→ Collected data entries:
========================

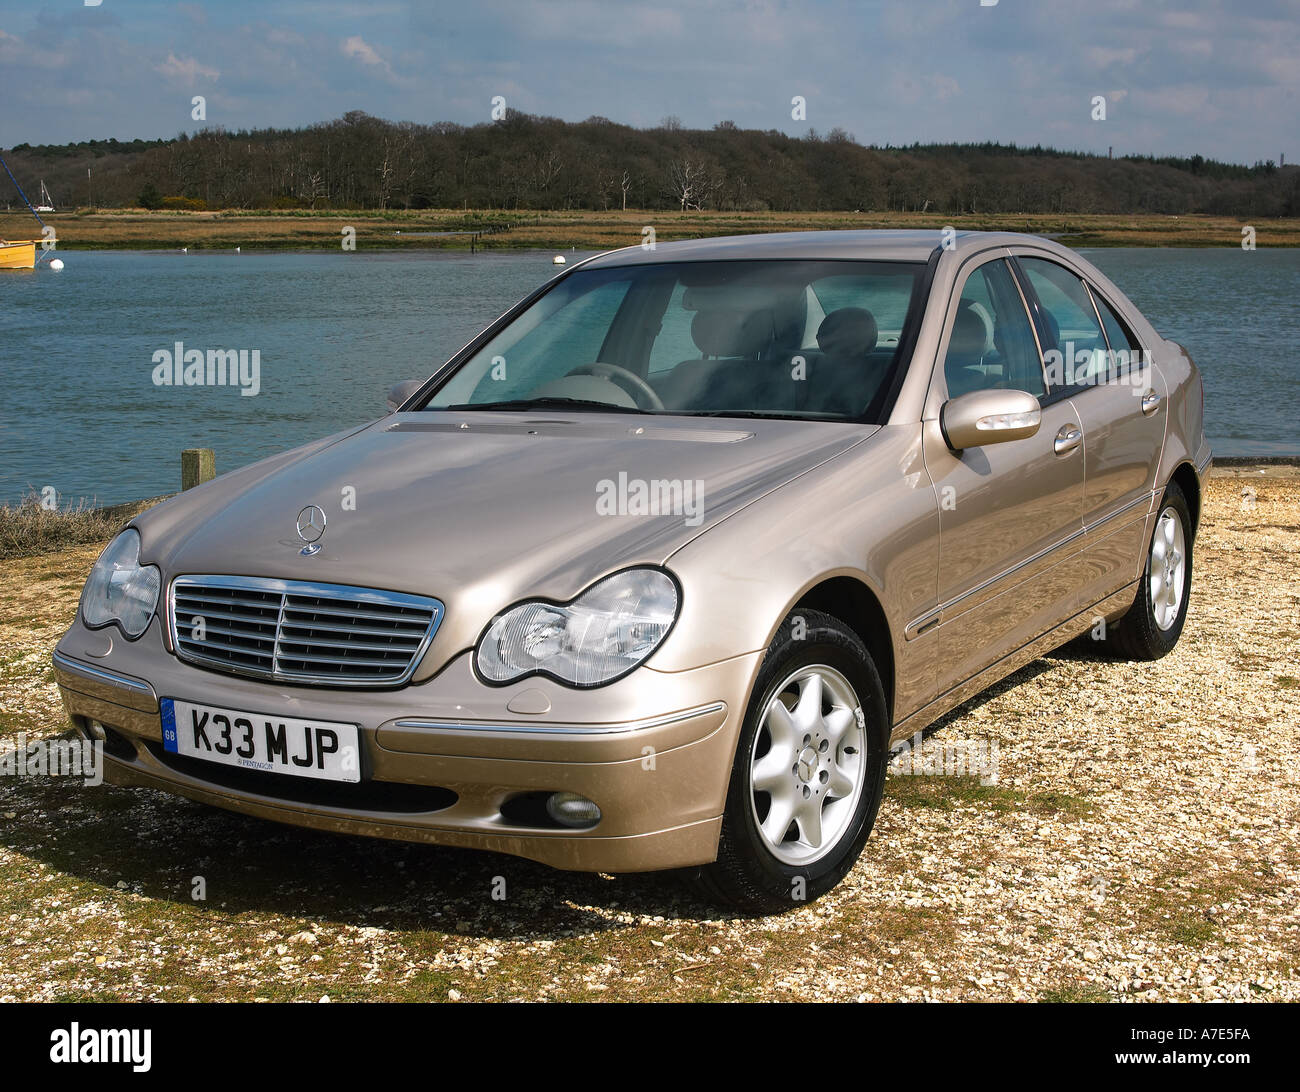 2002 Mercedes Benz C220 cdi Photo Stock - Alamy
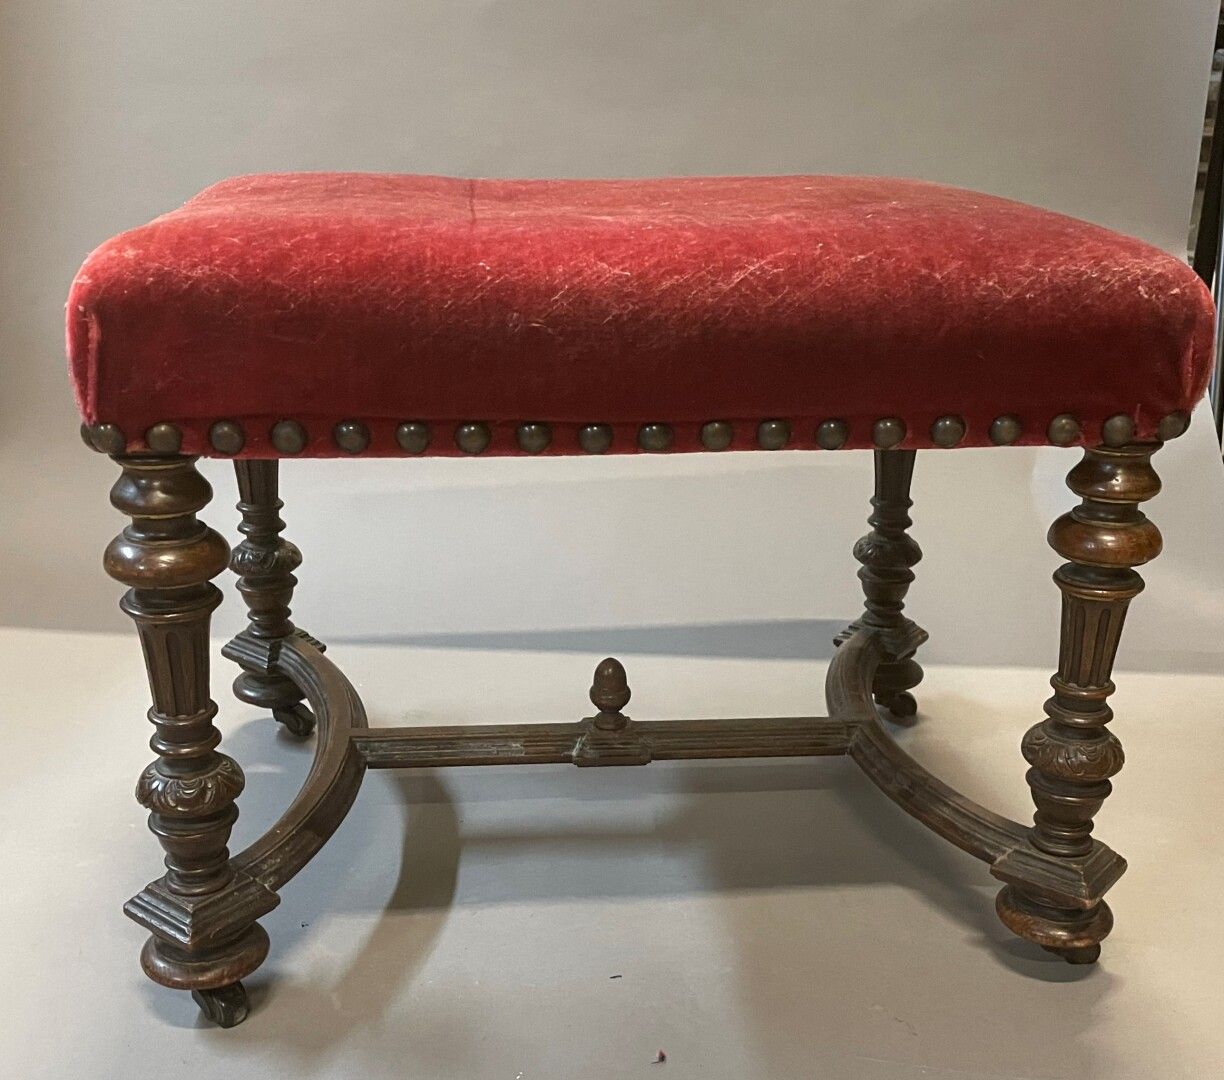 Null 凳子有成型和雕刻的木腿，轮子，座位上有红色的天鹅绒装饰。

44 x 60 x 48厘米
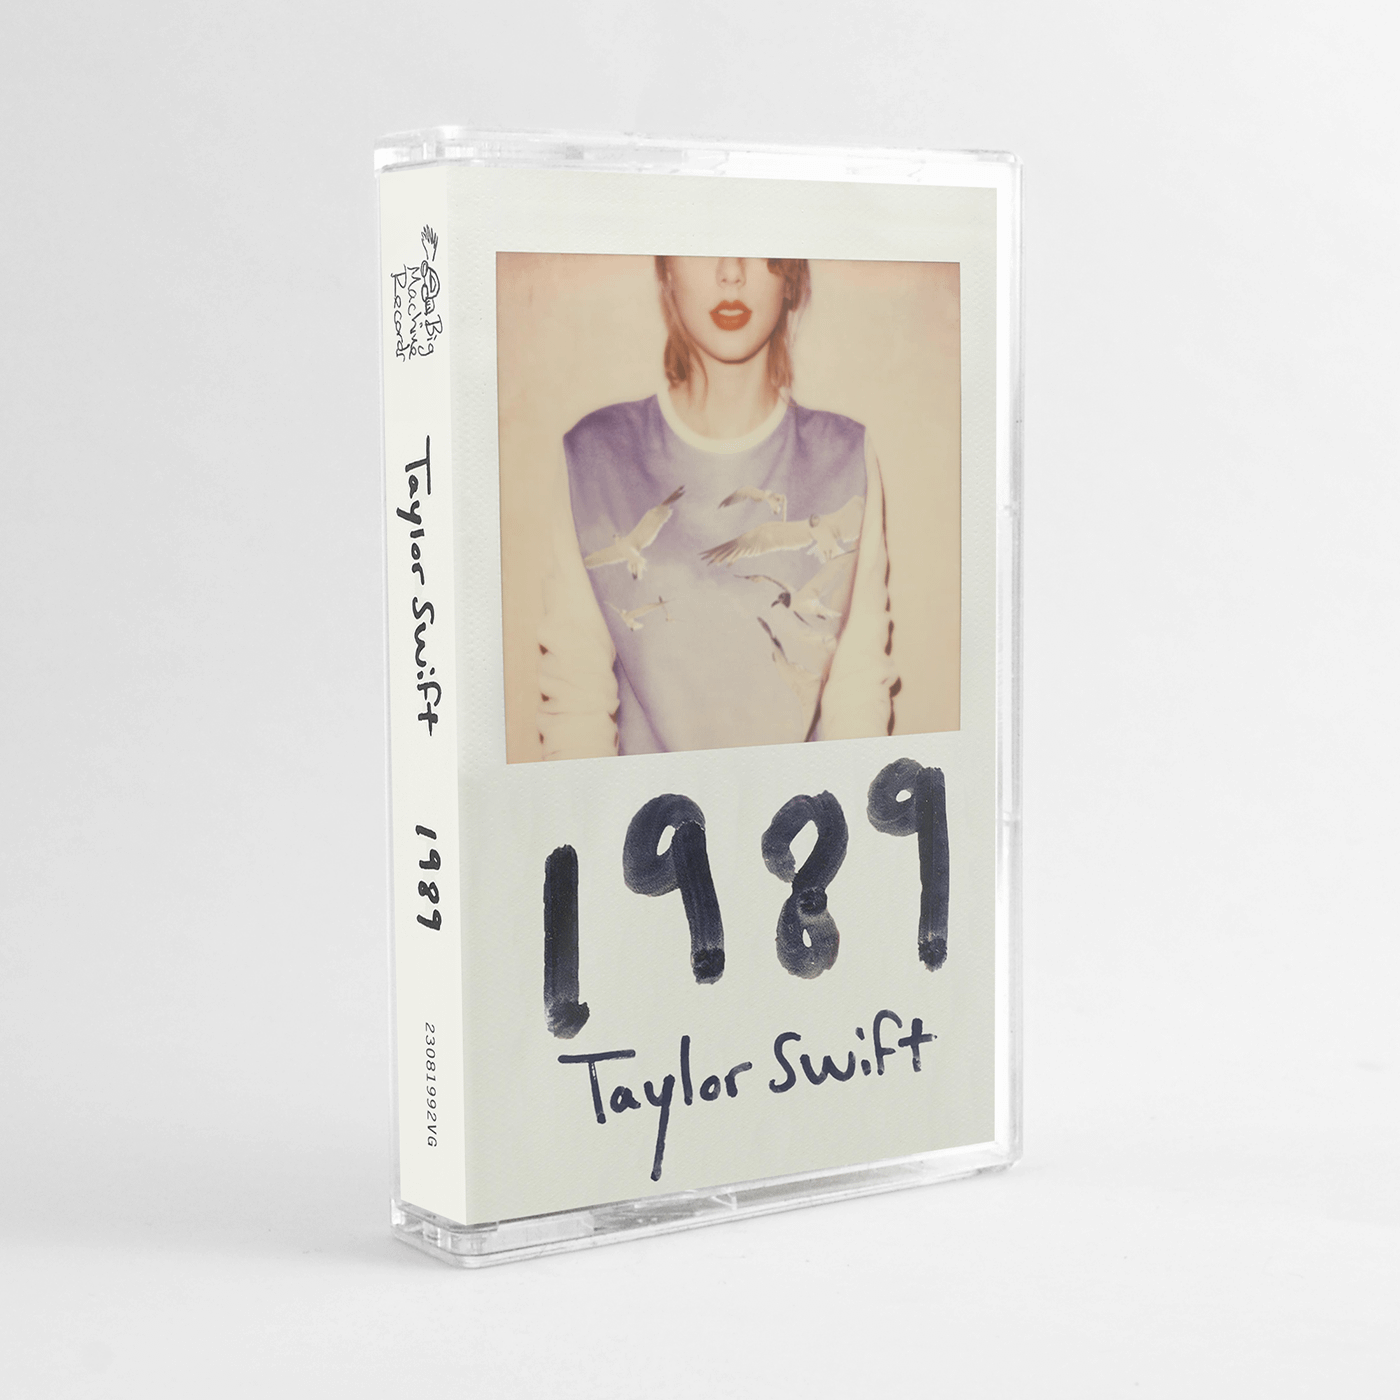 Taylor Swift - 1989 Deluxe : CASSETTE
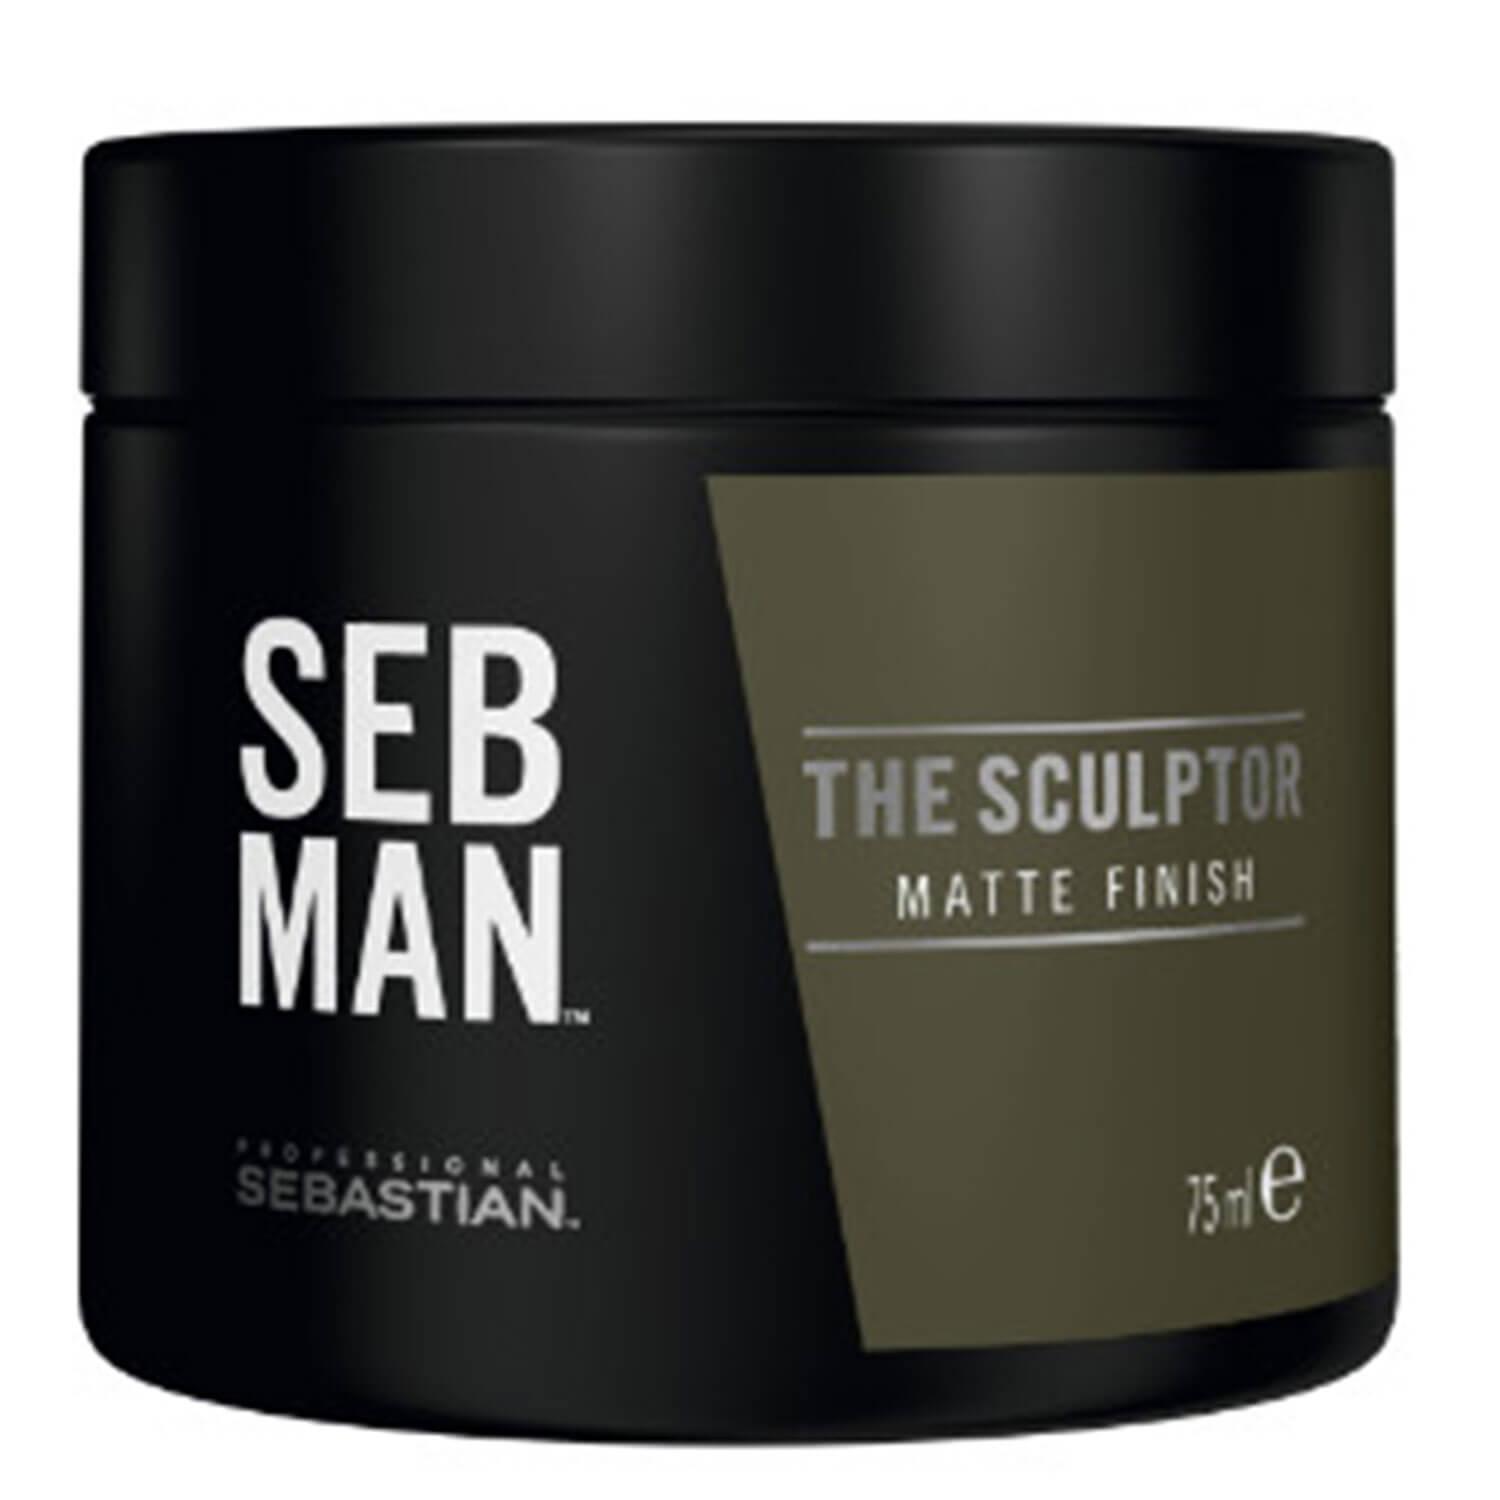 SEB MAN - The Sculptor Matte Finish

========================

→ WHAT YOU WILL DO: Set down only the lines from the one with "Null 凳子有成型和雕刻的木腿，轮子，座位上有红色的天鹅绒装饰。" through the end of the entries, exactly as they appear, leaving out each picture.

→ SOLUTION:
 Null 凳子有成型和雕刻的木腿，轮子，座位上有红色的天鹅绒装饰。

44 x 60 x 48厘米
 Taylor Swift - 1989 Deluxe : CASSETTE
 SEB MAN - The Sculptor Matte Finish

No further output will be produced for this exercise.